§ **Work task**:
Copy out the full listing below as it stands, with its pictures left behind.

(Beginning of The data)

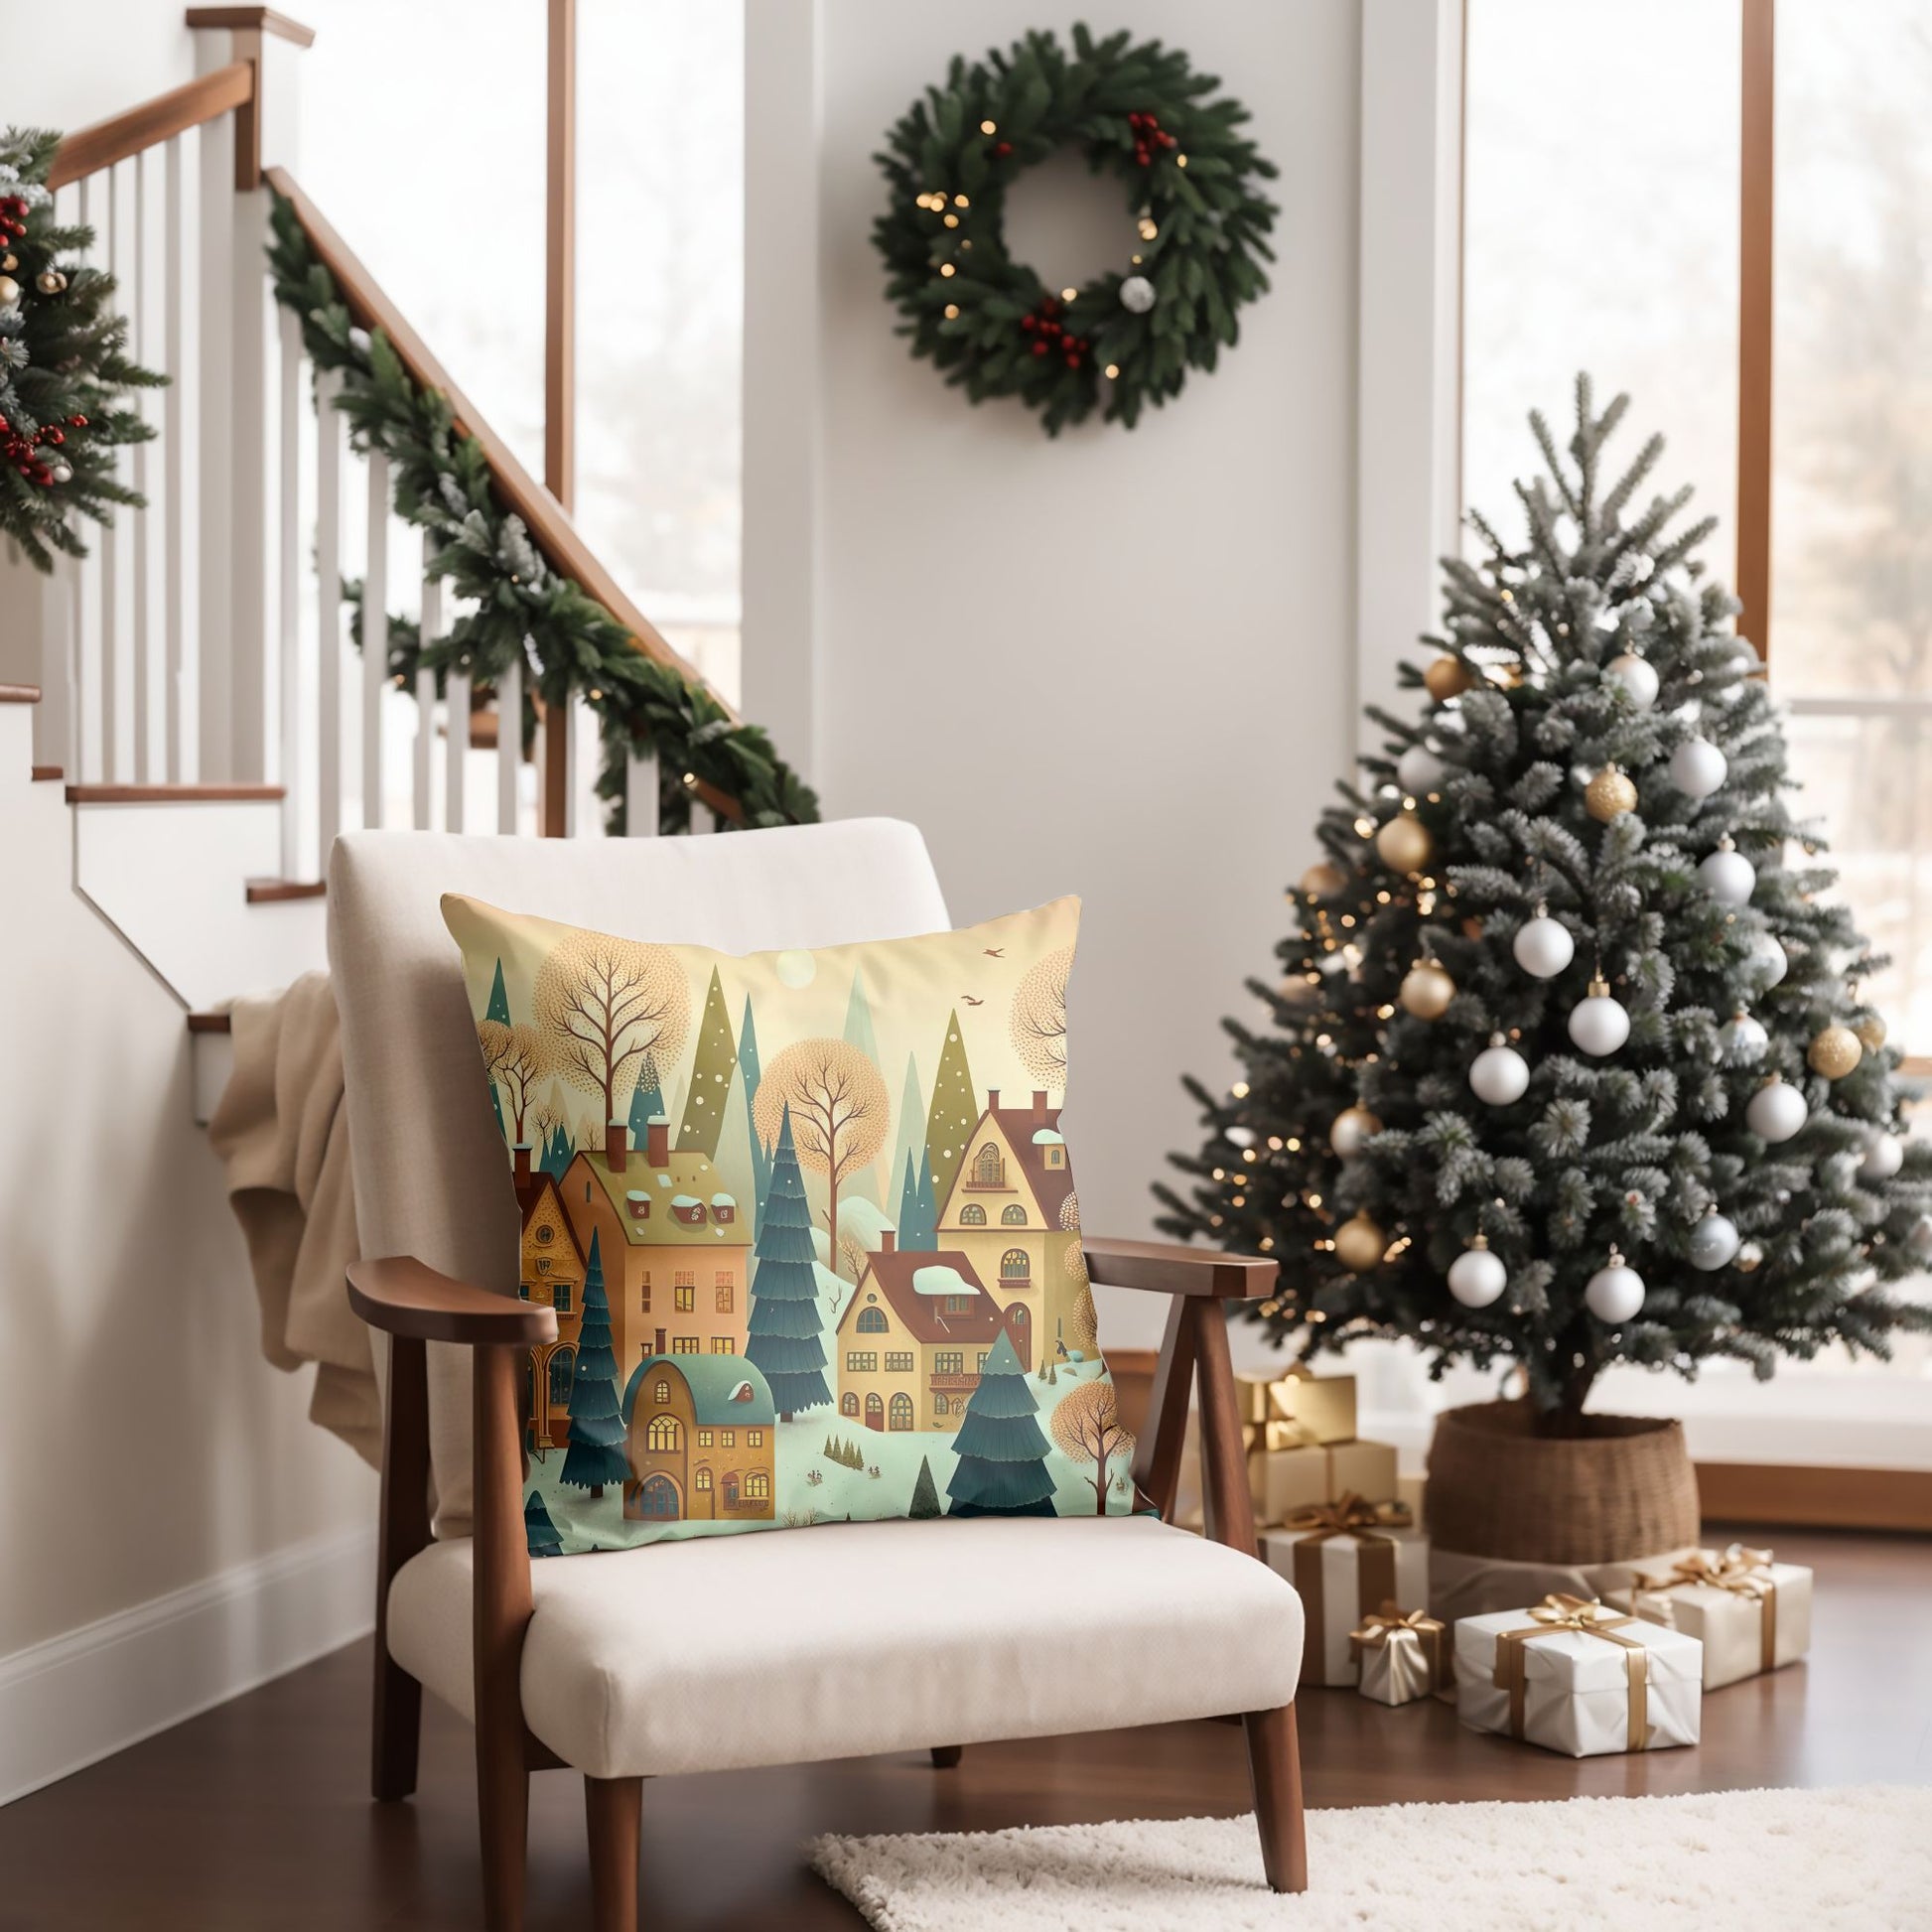 Cozy Holiday Atmosphere in a Decorative Pillow
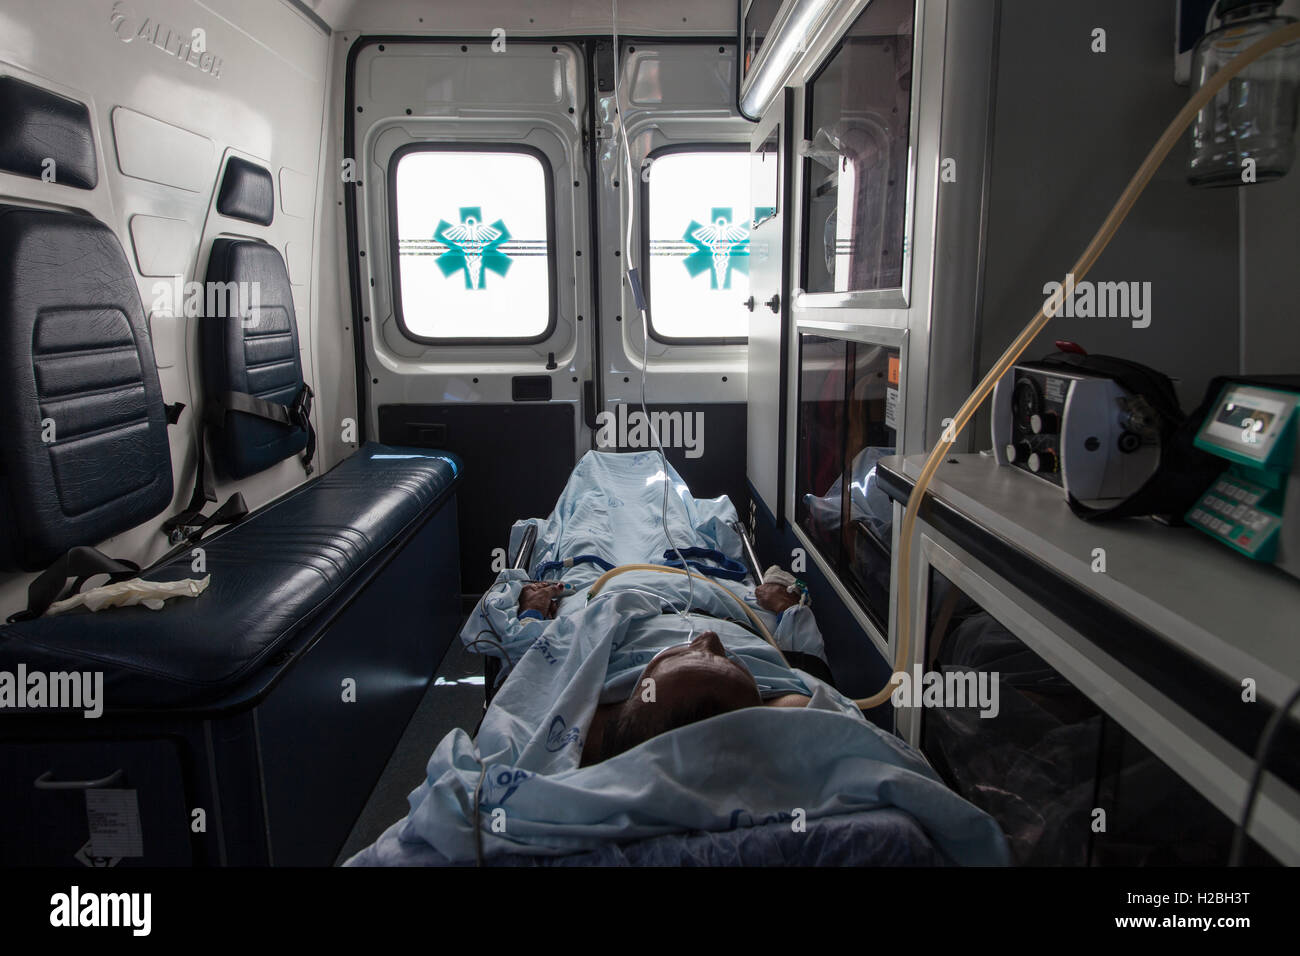 Patient inside an ambulance, a vehicle for transportation of sick or injured people to, from or between places of treatment for an illness or injury, and in some instances will also provide out of hospital medical care to the patient. Stock Photo
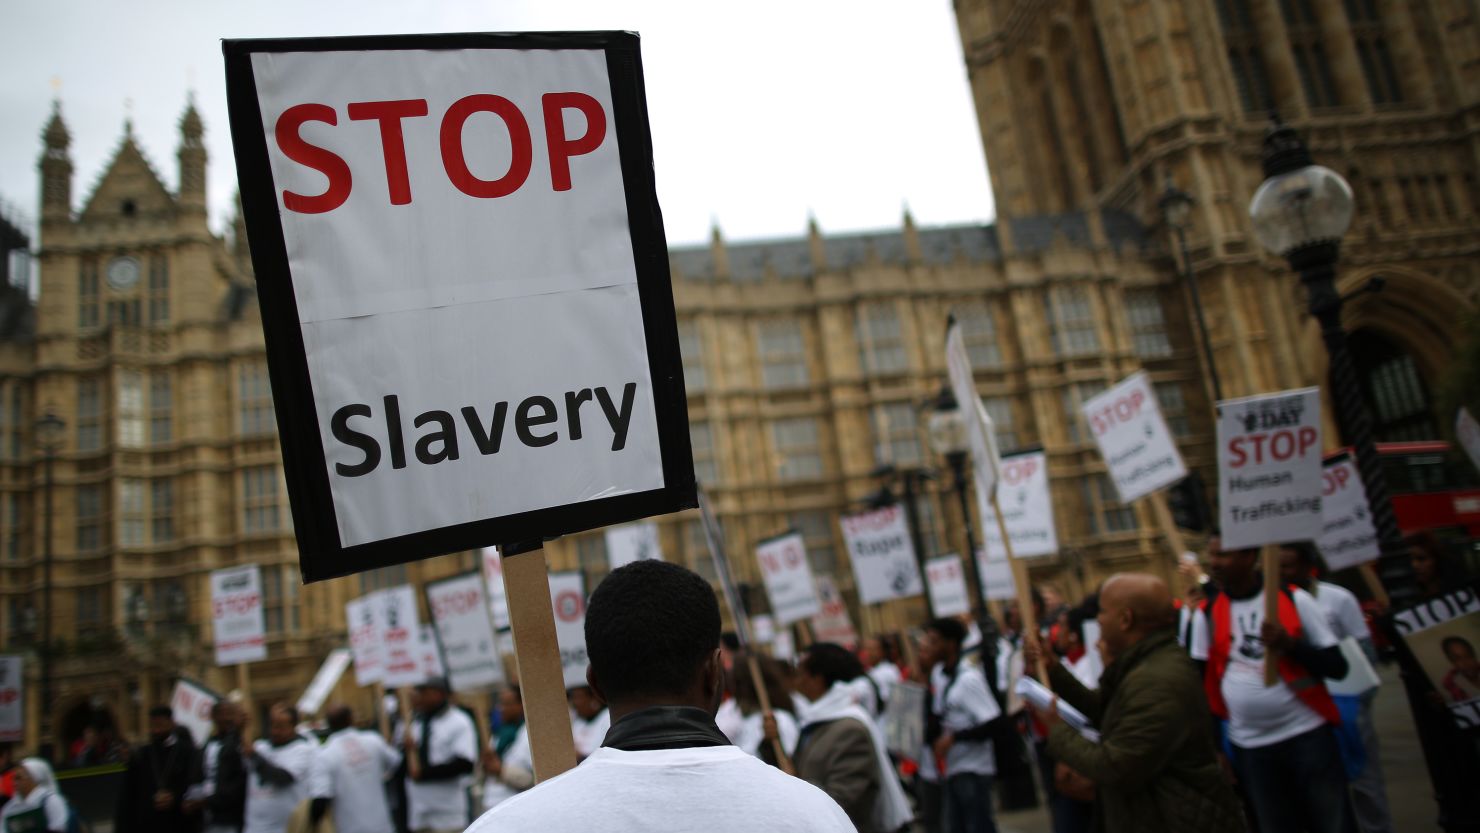 Anti-slavery activists rally outside Parliament on October 18, 2013 in London, England.

(End of The data)

§ **Solution to this exercise**:
 Cozy Holiday Atmosphere in a Decorative Pillow
 Patient inside an ambulance, a vehicle for transportation of sick or injured people to, from or between places of treatment for an illness or injury, and in some instances will also provide out of hospital medical care to the patient. Stock Photo
 Anti-slavery activists rally outside Parliament on October 18, 2013 in London, England.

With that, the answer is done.